Design options · skills search · generated 13 May 2026
This document translates plan/skills-search.md into design and deployment choices. The target feature indexes the external huggingface/skills repository into Meilisearch, then exposes relevant skill results through the existing Agent Finder CLI and REST surfaces.
The plan’s strongest architecture separates content building from serving. A Hugging Face Job generates portable artifacts; the Agent Finder Space consumes them and syncs Meilisearch when stale.
agentfinder skills build parses SKILL.md, chunks sections, writes artifact.latest/ and commits/<sha>/ contain NDJSON, manifest, and _SUCCESS.This is the best initial production option because the source-of-truth artifact is portable, inspectable, reproducible, and independent of Meilisearch internal backup formats.
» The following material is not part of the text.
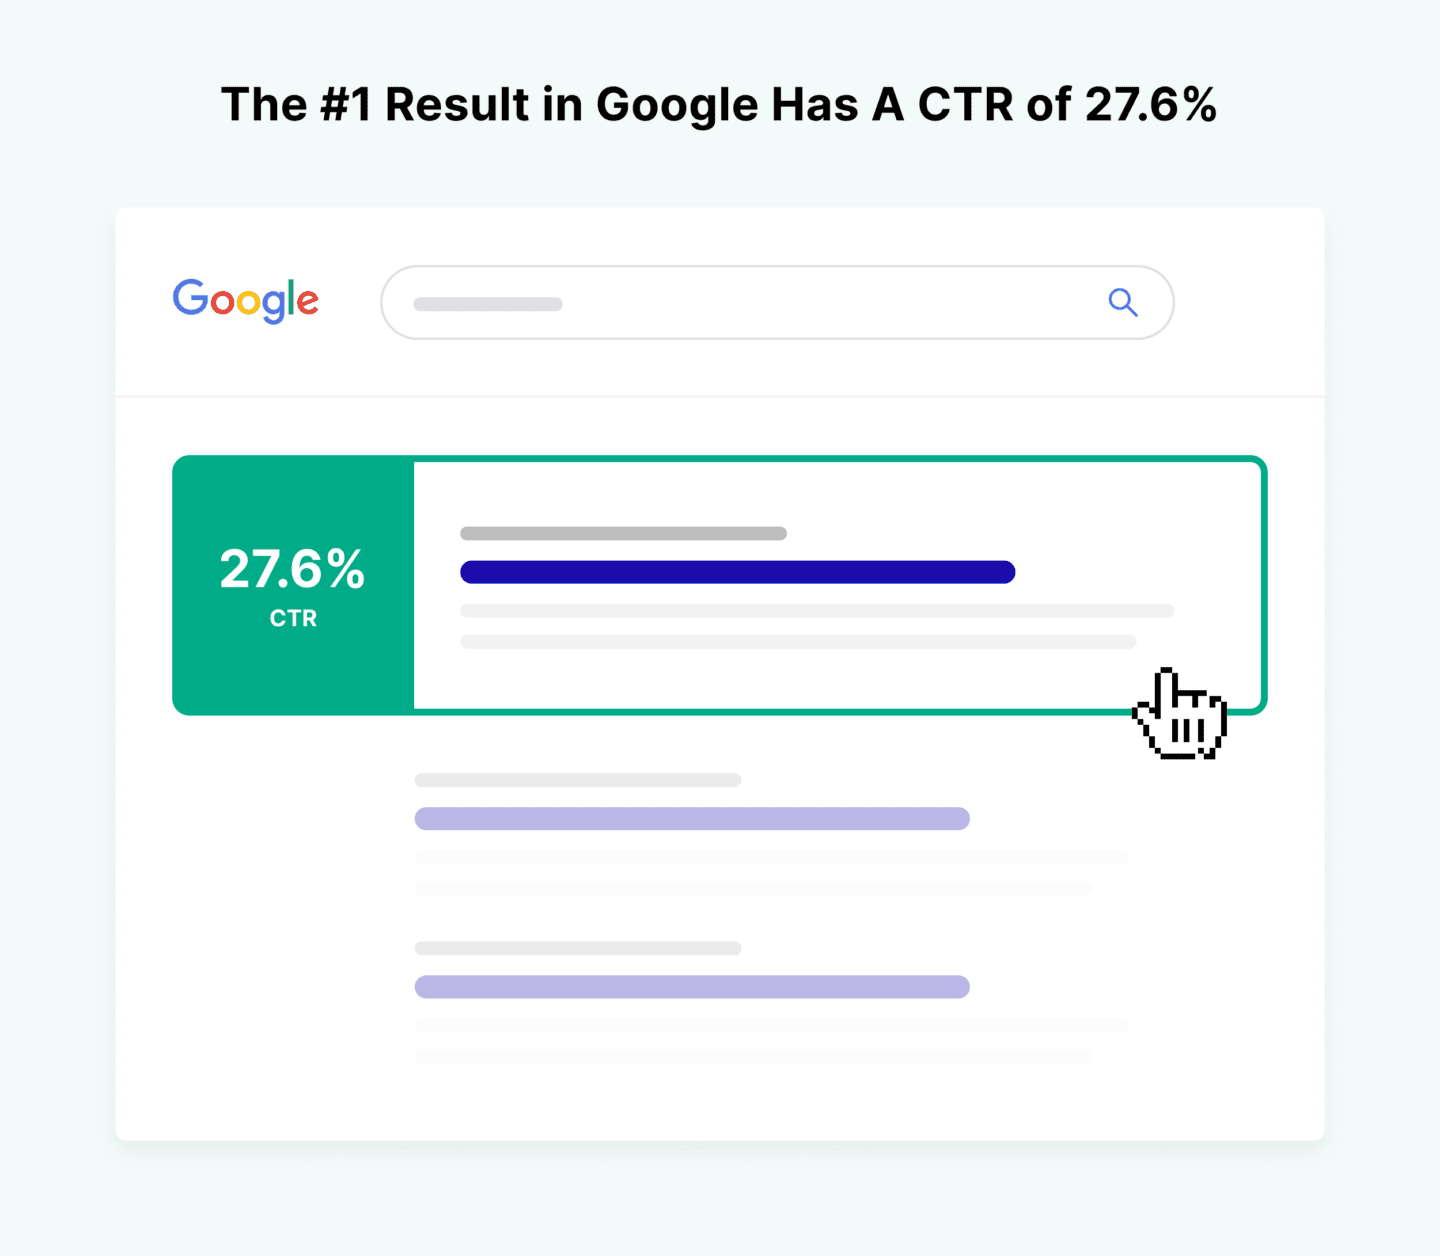 an image showing that the #1 results in Google has a CTR of 27.6%

If Meilisearch or the skills artifact is unavailable, the existing Hugging Face Spaces backend should still serve /search; health/log metadata should report skills-index unavailability.
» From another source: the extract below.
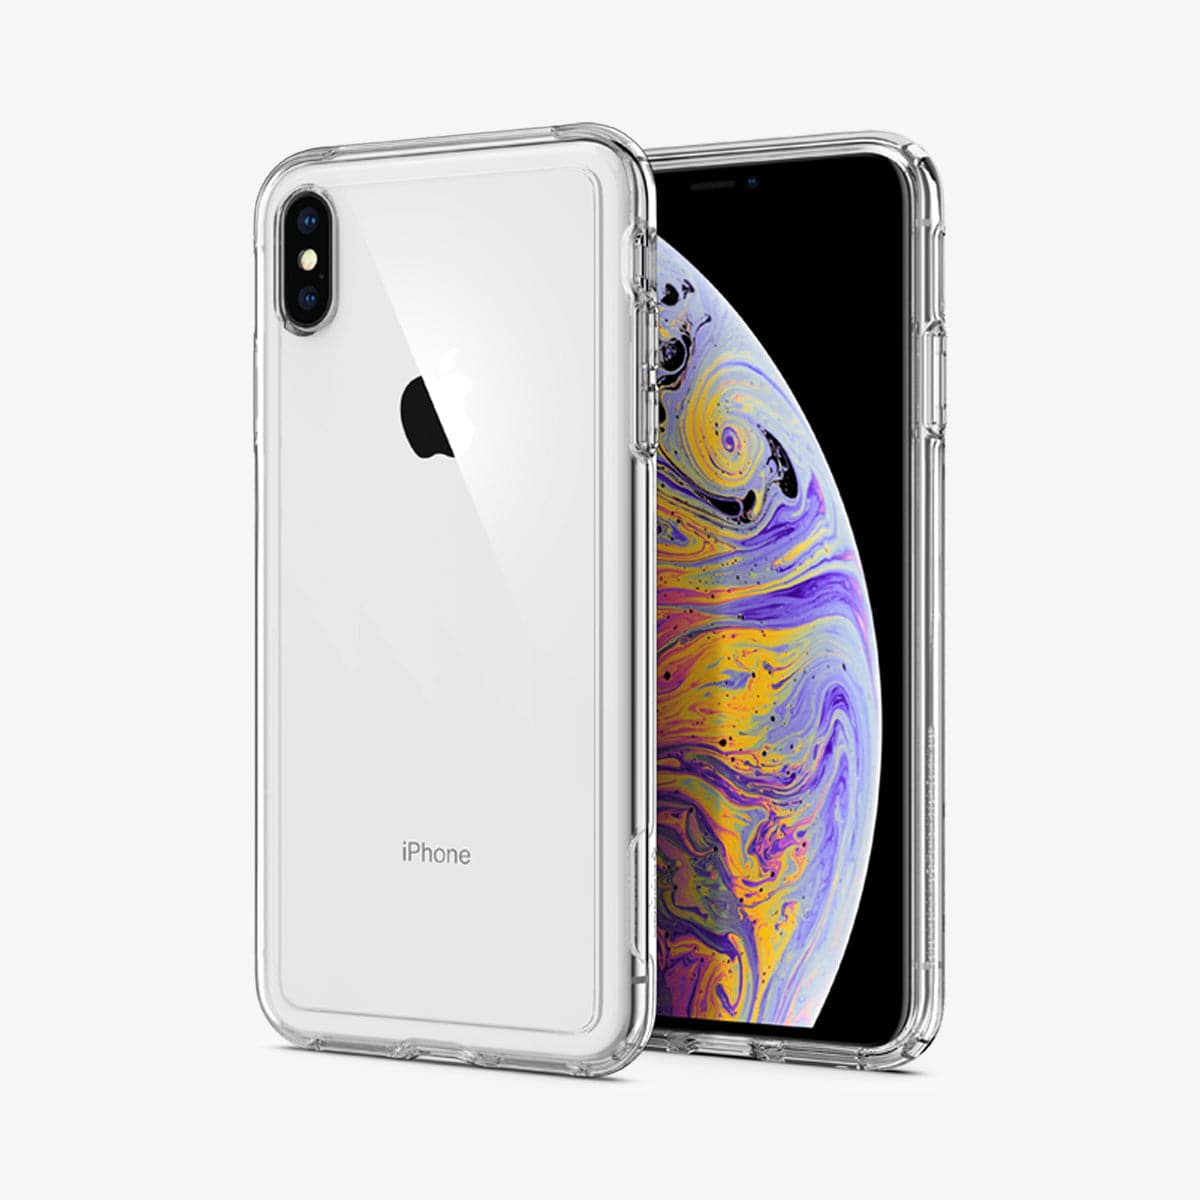 065CS24548 - iPhone XS Max Case Slim Armor Crystal in crystal clear showing the back and front

These are not open options unless implementation uncovers a blocker. They define the baseline around which deployment options should be evaluated.
Integration code should use the Python meilisearch package, not raw HTTP, for index configuration, load, and search.
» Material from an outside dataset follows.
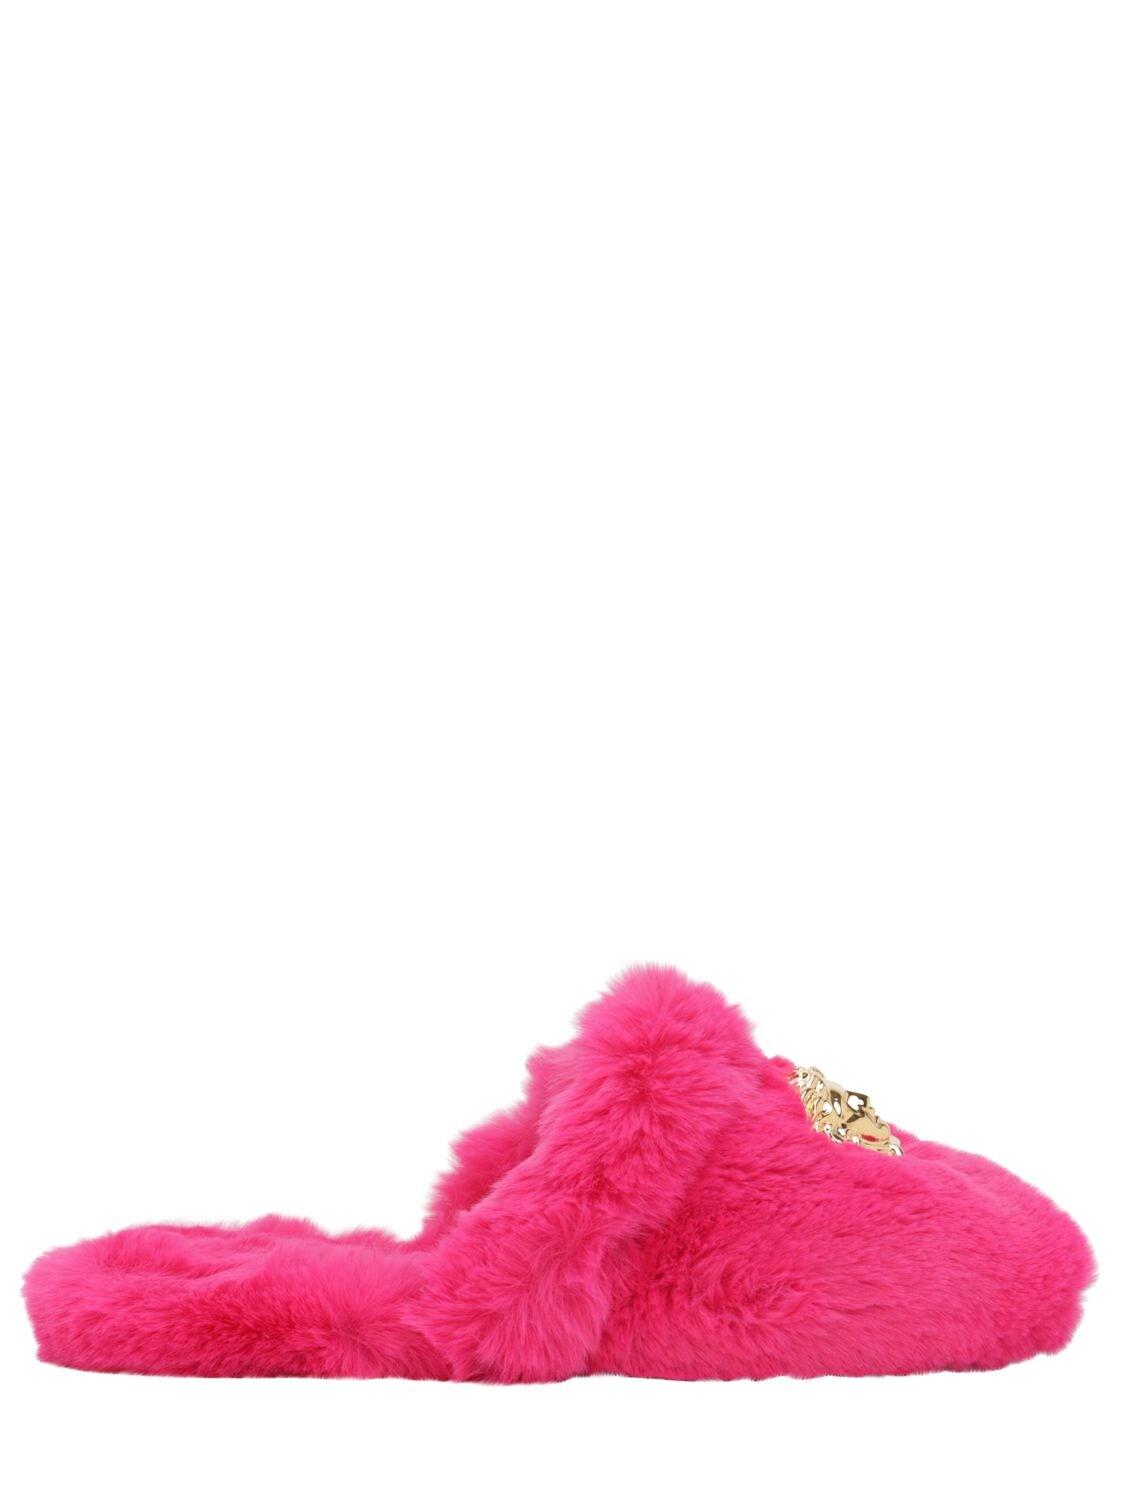 Versace Medusa Faux Fur Slippers in Fuchsia,Gold (Pink) - Lyst

Meilisearch dumps/snapshots can exist for operational backup, but should not be the long-lived content handoff format.
agentfinder owns schema, ingestion, Meili settings, sync, and API integration. huggingface/skills remains external source content.
Parse each SKILL.md, split by Markdown headings, preserve heading ancestry, and chunk long sections with overlap.
Search requests should ask Meili for _rankingScore and carry it into Agent Finder result score and/or metadata.
Indexed skills are an additive backend. Existing Hugging Face Space search, MCP discovery, and generated Space skills continue to work.
The initial document model is intentionally simple: one searchable document per skill section, with source metadata repeated on every hit.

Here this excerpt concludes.